UV vs. IR Grade Fused Silica

Fused silica is a common glass type used in the optics industry to manufacture optical components such as lenses, windows, mirrors, prisms, and beamsplitters. Fused silica is often a preferred material for precision optics due to its consistent and repeatable optical performance.1 Additionally, fused silica demonstrates a low thermal expansion coefficient that provides high thermal stability and resistance to thermal shocks, which are often critical characteristics in specific applications. Fused silica also has a high chemical resistance and minimal fluorescence. There are many types of fused silica, the most common include UV grade fused silica and IR grade fused silica.

UV grade fused silica is manufactured synthetically through the oxidation of high purity silicon by flame hydrolysis.2 The UV grade demonstrates high transmittance in the UV spectrum, but there are dips in transmission centered at 1.4µm, 2.2µm, and 2.7µm due to absorption from hydroxide (OH-) ion impurities.

IR grade fused silica differs from UV grade fused silica by its reduced amount of OH- ions, resulting in higher transmission throughout the NIR spectrum and reduction of transmission in the UV spectrum (Figure 1). OH- ions can be reduced by melting high-quality quartz or using special manufacturing techniques.2

Figure 1: Transmission data for UV and IR grade fused silica for a 5mm thick sample without Fresnel reflections
Figure 1: Transmission data for UV and IR grade fused silica for a 5mm thick sample without Fresnel reflections1

Developments in lasers with wavelengths around 2µm, including thulium (2080nm) and holmium (2100nm), have led to many more applications utilizing lasers in the 2µm wavelength region. 2µm is close to one of the OH- absorption peaks in UV grade fused silica, making IR grade fused silica a much better option for 2µm applications. The high absorption of UV grade used silica around 2µm will lead to heat generation and potentially cause damage.
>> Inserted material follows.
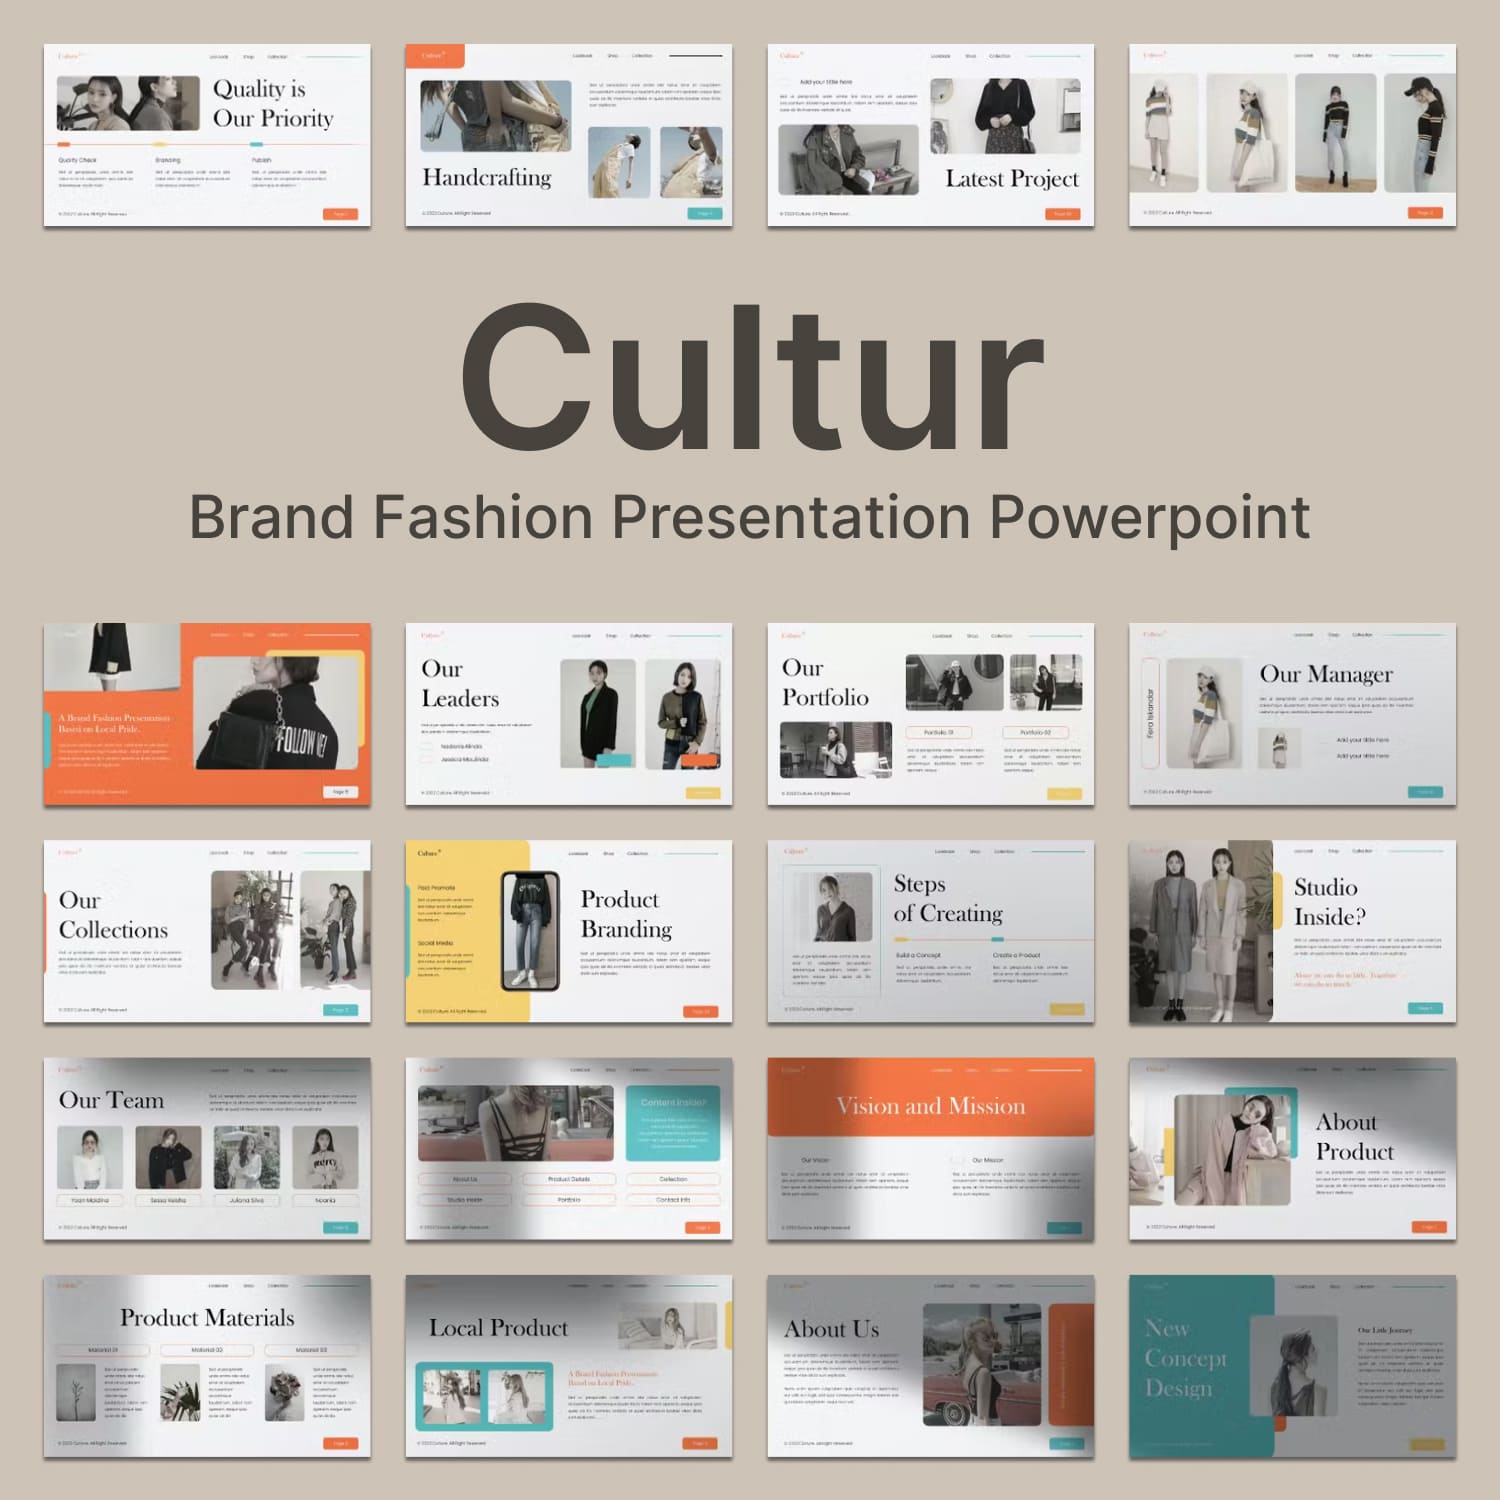 PPT – Top 5 Designer Handbags Brands PowerPoint presentation

However, IR grade fused silica optical components often have a higher cost and lower availability.

Understanding your application’s wavelength range is important for selecting the appropriate substrate. Edmund Optics® offers select optical components with IR grade fused silica (Corning 7979) and UV grade fused silica (Corning 7980) substrate options. For assistance in selecting the correct fused silica product for your application, please contact our free engineering support.

References

  1. “Corning HPFS® 7979, 7980, 8655 Fused Silica.” Corning, February 2014.
  2. “Fused Silica.” LASEROPTIK, www.laseroptik.de/en/substrates/standard-substrates/fused-silica.